Forms of private property 1) Tribal property: - Undeveloped production - People mostly live on hunting, agriculture etc. - The division of labour is elementary; not very different from that of the family. - Social structure is also similar to family structure. - Slavery (latent in family, extended in community)
Forms of private property 2) Ancient communal and state property: - Slavery remains in this type of society - Class conflicts between citizens and slaves - Citizens own their slaves and their labour only within a community - Private property begins to develop but still as an exception.
Forms of private property 3) Feudal or estate property: - Feudal development is related to country, not to the town as it is in state property - There is a producing class (as in the communal property) but it is organized and associated in a different way: land owners have property and serf labour is dependent on them. - Feudal kingdoms monarchs
Social being and social consciousness • Produciton of ideas is in a close relationship with production of materials. (How people think is not separable from how they live). • Consciousness is nothing but a conscious being, i. e. men as producers of their thoughts, ideas, feelings etc. are also producers of material life. “In direct contrast to German philosophy which descends from heaven to earth, here it is a matter of ascending from earth to heaven. ” (p. 42)

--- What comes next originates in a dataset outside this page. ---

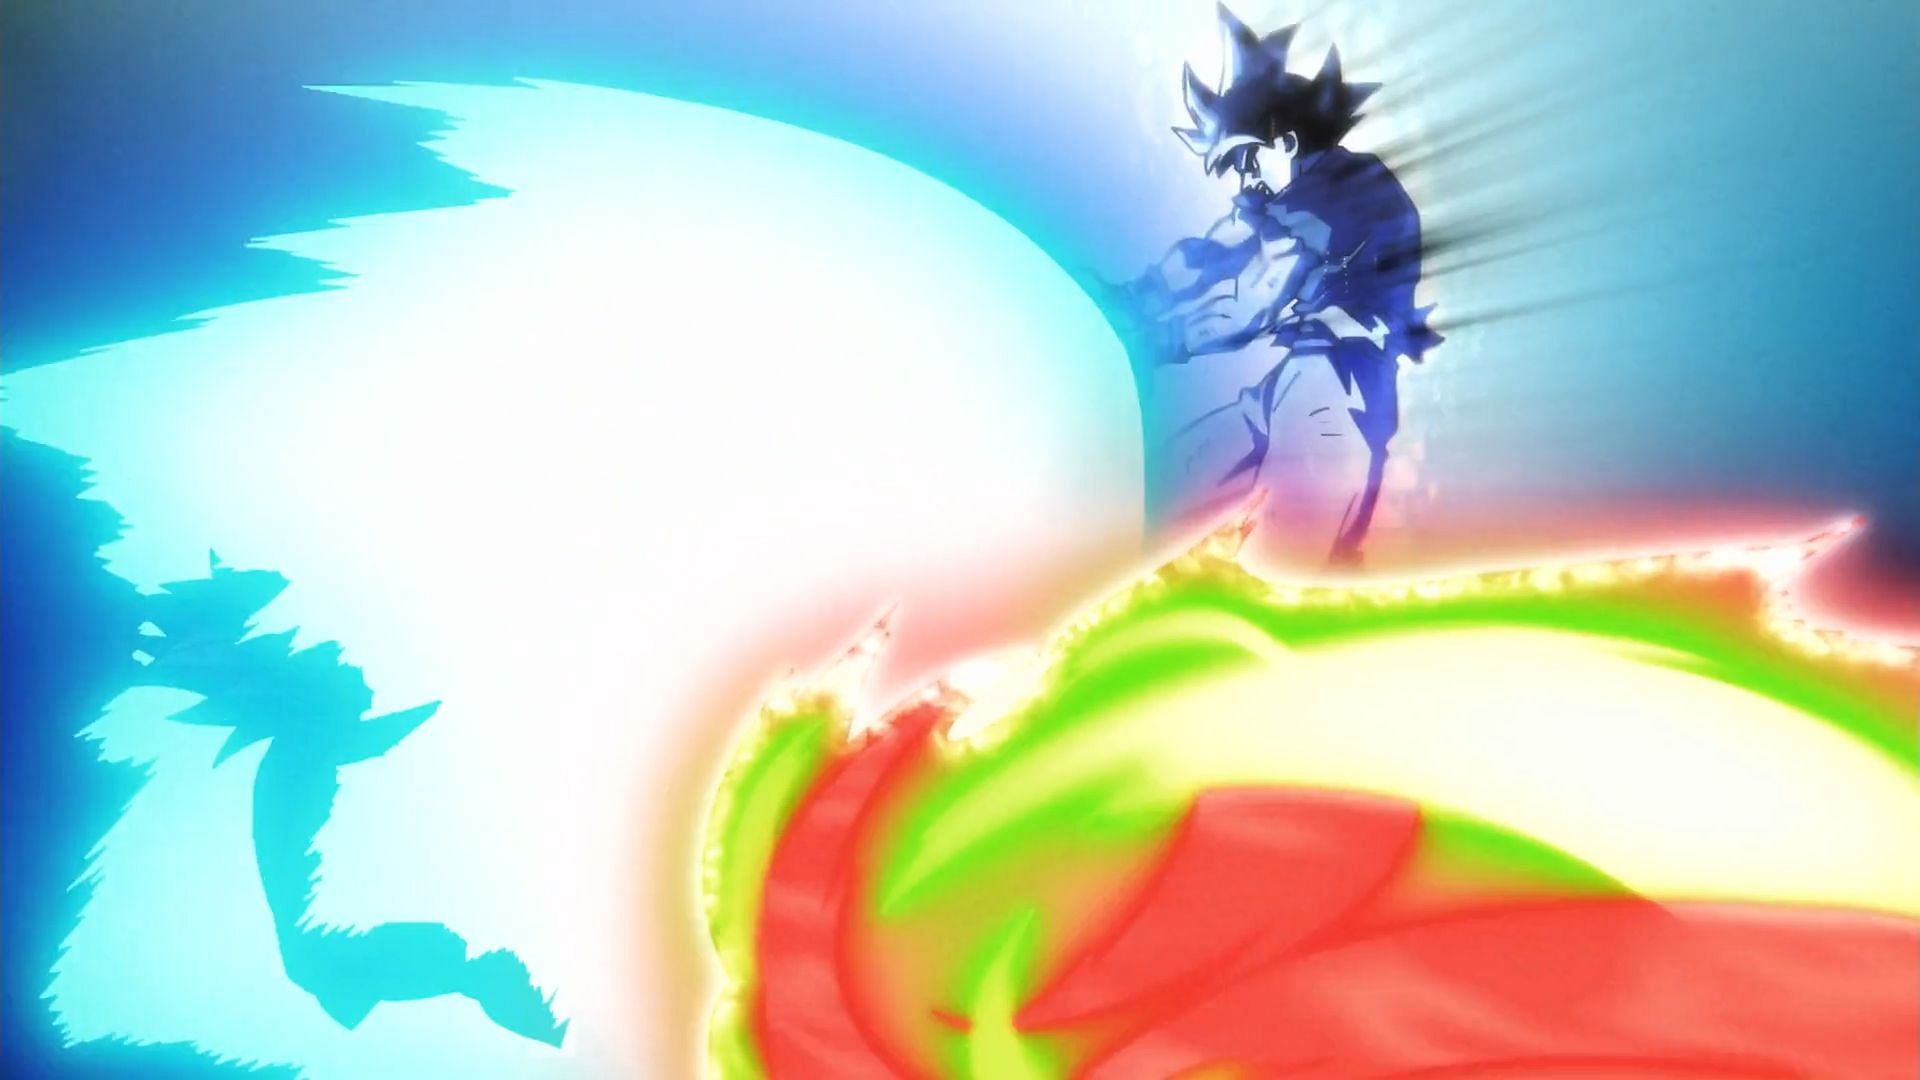 Goku has been using this move since he was a small child (Image via Akira Toriyama/Shueisha, Viz Media, Dragon Ball Super)

History and production • The production of material is rooted in the satisfaction of needs; human beings produce to meet their material needs. • Satisfaction of material needs (first step) lead to the creation of new needs. • While producing material needs, human beings also propagate their own kind: family and reproduction.
The production of life • These three steps of production do not appear as separate stages, they should be treated as aspects of human history. • Production of life is two-fold: it requires social relation as well as a natural one. • A specific mode of production is always related to a specific mode of co-operation: thus it always requires a certain mode of social organization.
Consciousness • - Consciousness have always been a social product: It is merely a consciousness of external world Consciousness of nature Consciousness of other individuals Thus, consciousness is not a pure category but a result of man’s relation to himself, to nature and to others around him.
Social division of labour • Distribution of labour, products and property • In the first form, i. e. the family, wife and children are the slaves of husband. (latent slavery) • Since division of labour brings about the difference in property owning, they are identical. • Individual interest vs. General interest
Division of labour and interest “Just because individuals seek only their particular interest, which for them does not coincide with their common interest, the latter is asserted as an interest ‘alien’ to them, and ‘independent’ of them, as in its turn a particular and distinctive ‘general’ interest” (p. 53). That is why worker’s labour under the natural division of labour is alien to him.
Division of labour and interest • If there is an abyss between particular interest and general interest, and as long as human activity is non-voluntary but coerced (due to the fact that it serves general interest not the one that is freely determined by the individual), then division of labour necessarily results in alienation of man to his work.
Estrangement • When particular interest does not coincide with general interest, the work done by an individual becomes an acitivity of necessity; both as the product and as the process of activity. • One cannot control her/his activity as a free, voluntary expression of life under the circumstances of natural social division.
Abolishment of estrangement • In order to abolish estrangement, there are two practical premises: 1) In the high development stage of production, most of people are propertyless. 2) This stiuation is necessary (development of productive forces and the generalization of want) and universal. Proletariat is worldhistorical as well as communism.